Least intuitive approach to quotation/content is an easy one for Bob Morris's Styles essay, "Vice Is Bad For a Reason," which begins in a supermarket when Bob notices the new Diet Coke Plus on the shelf. Then:

"This is hilarious," I said as I pointed it out to the shopper next to me.
"Isn't there enough stuff in Diet Coke already?" she said.
This is sort of like how J.R. Writer from Dipset has a skit on his album where some guys are quoting his lyrics back to each other and talking about how he is a good rapper. As Keyhole points out, this is a pretty unorthodox take on how things are supposed to go—instead of actually rapping what you think are your best lines, you just get some friends to repeat them in conversation and then quote them on it?

Best thoughts:
Edgar Allan Poe-type thoughts, c/o Frank Gannon in "True-Life Tales."

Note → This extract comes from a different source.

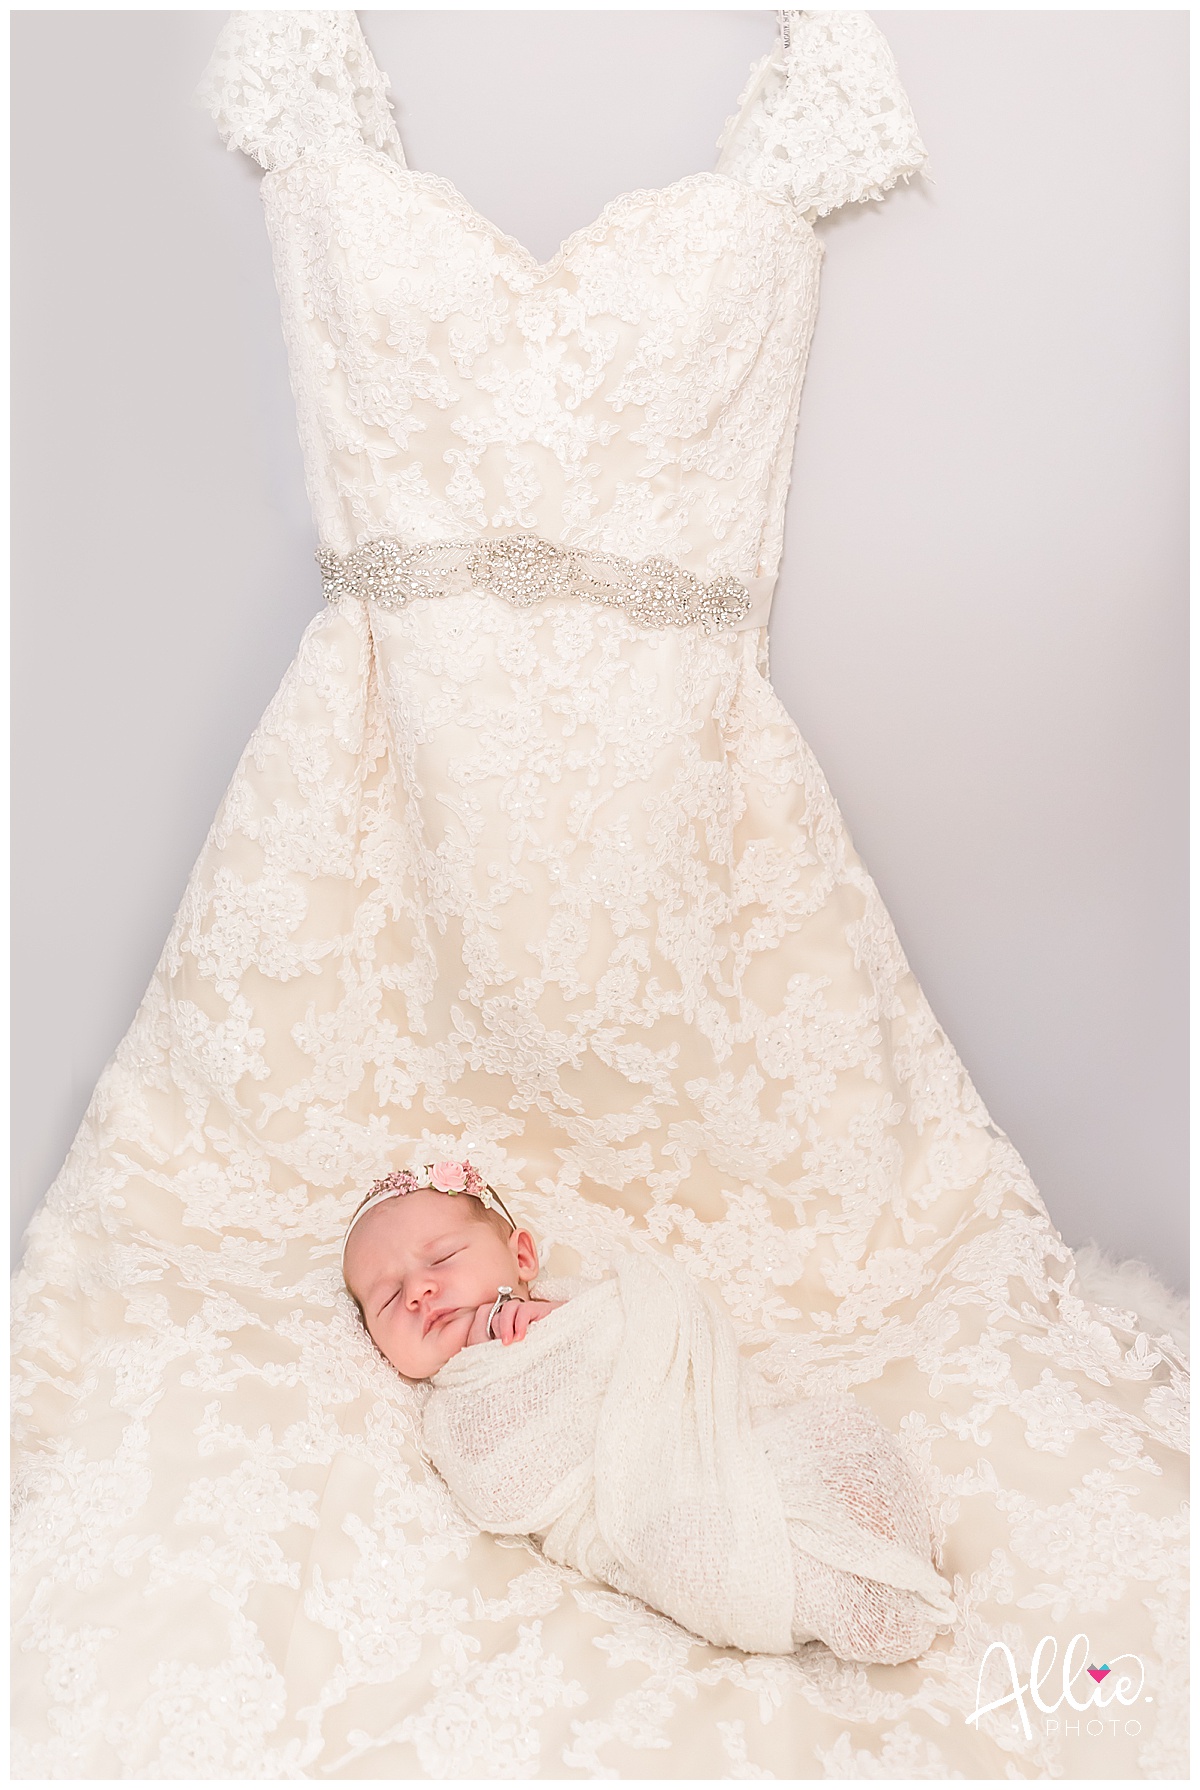 newborn photos at home with wedding dress

Most unpleasant person who probably loves Monty Python and Jurassic Park: Frank Gannon again:

I used to play golf a lot, but then I hurt my back. It pained me now even to address the ball. After my injury (I fell out of my attic), I still went to golf courses, but I did not play. I just rode around in golf carts with people who were playing and made withering comments, which I found amusing for a while.
Most disgusting thing goes to Charles Siebert's green thing in Lives, where he describes his decrepit summer home as a horrible place where bats swoop around in the bedroom and a "brown snake" falls into his wife's food during dinner.

Best use of strangely ostentatious casual racism: Gannon again, the rascal, describing his state of mind after popping two Darvocets and heading to the golf course: "I would appear stately and aloof rather than sad and drugged. So I started out, with lots of love in my heart for all my fellow golfers. I holla at them, whatever that means." On second thought, this is a hilarious joke.